[[ Records shown, beginning ]]
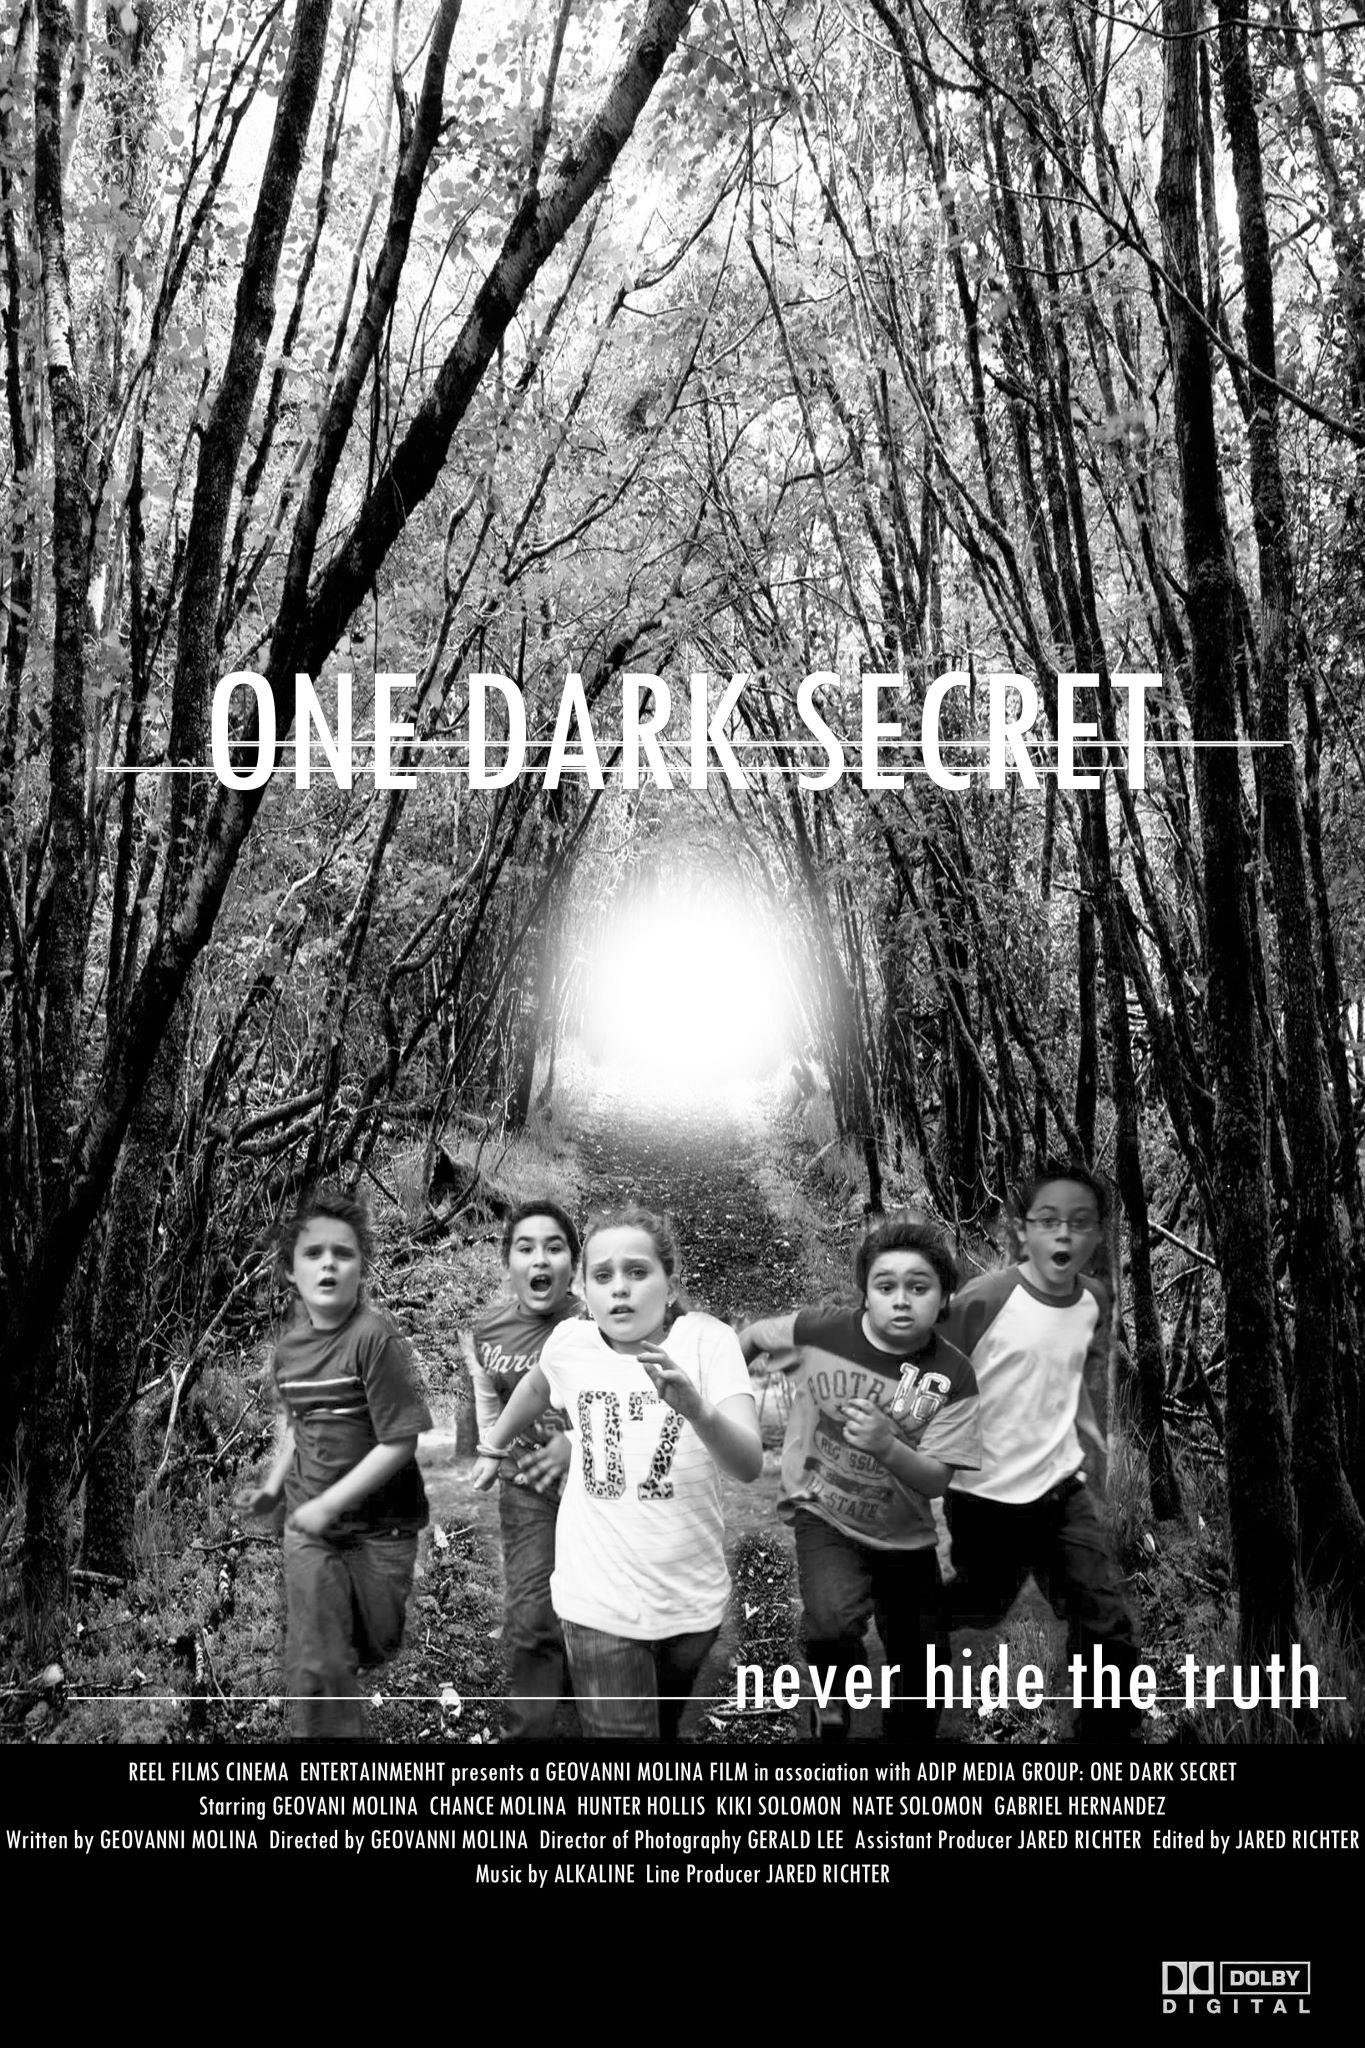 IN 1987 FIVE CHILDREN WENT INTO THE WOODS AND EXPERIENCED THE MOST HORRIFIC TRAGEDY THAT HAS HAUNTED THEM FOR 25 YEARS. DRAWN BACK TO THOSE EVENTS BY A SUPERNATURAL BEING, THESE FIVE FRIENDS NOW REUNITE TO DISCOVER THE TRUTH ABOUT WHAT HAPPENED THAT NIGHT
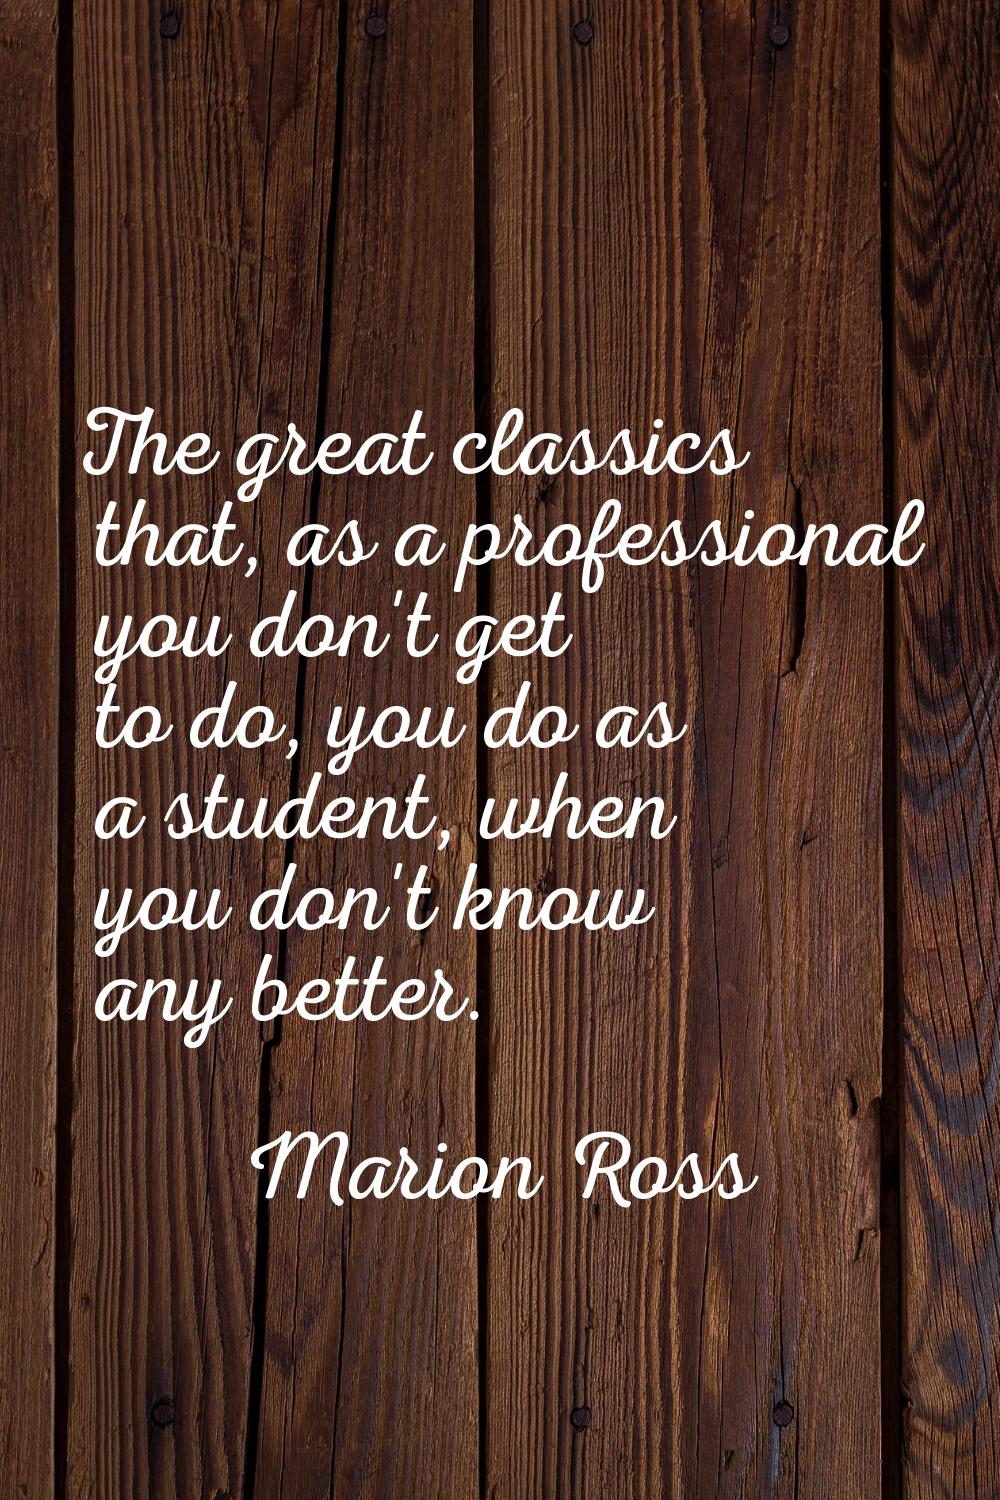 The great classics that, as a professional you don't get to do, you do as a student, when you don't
[[ Records shown, end ]]
[[ Records shown, beginning ]]
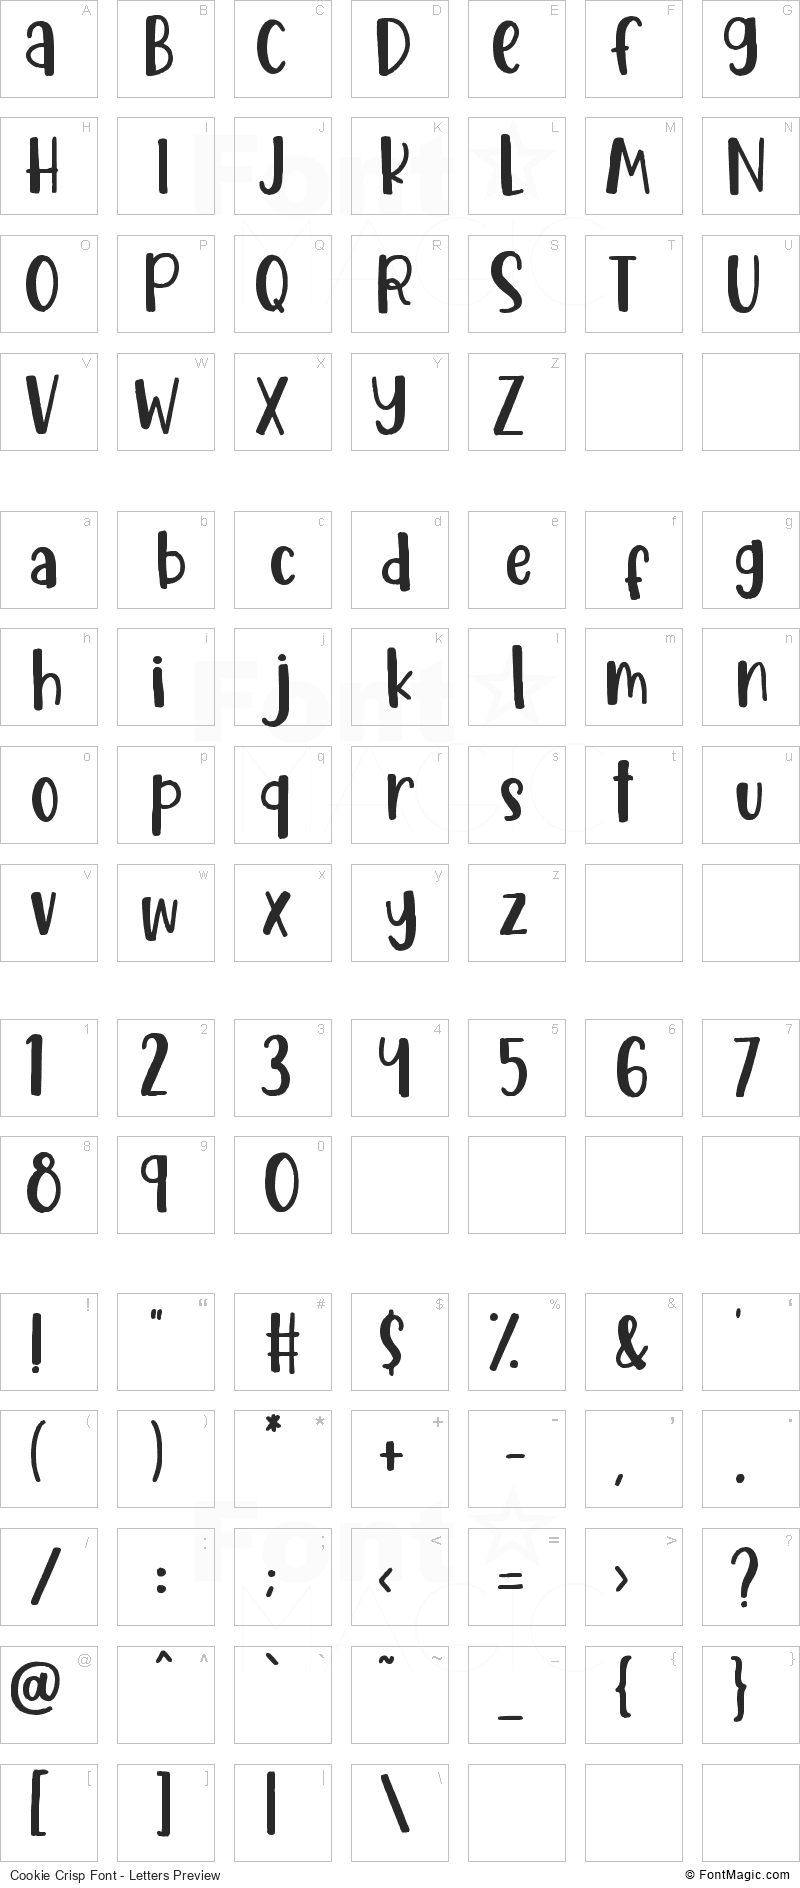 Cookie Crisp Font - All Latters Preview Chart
[[ Records shown, end ]]
* **Aim of the exercise**: Set down exactly the lines above, from the line containing "IN 1987 FIVE" through the line containing "The great classics". Skip the pictures.

* **Answer to the problem**:
 IN 1987 FIVE CHILDREN WENT INTO THE WOODS AND EXPERIENCED THE MOST HORRIFIC TRAGEDY THAT HAS HAUNTED THEM FOR 25 YEARS. DRAWN BACK TO THOSE EVENTS BY A SUPERNATURAL BEING, THESE FIVE FRIENDS NOW REUNITE TO DISCOVER THE TRUTH ABOUT WHAT HAPPENED THAT NIGHT
 The great classics that, as a professional you don't get to do, you do as a student, when you don't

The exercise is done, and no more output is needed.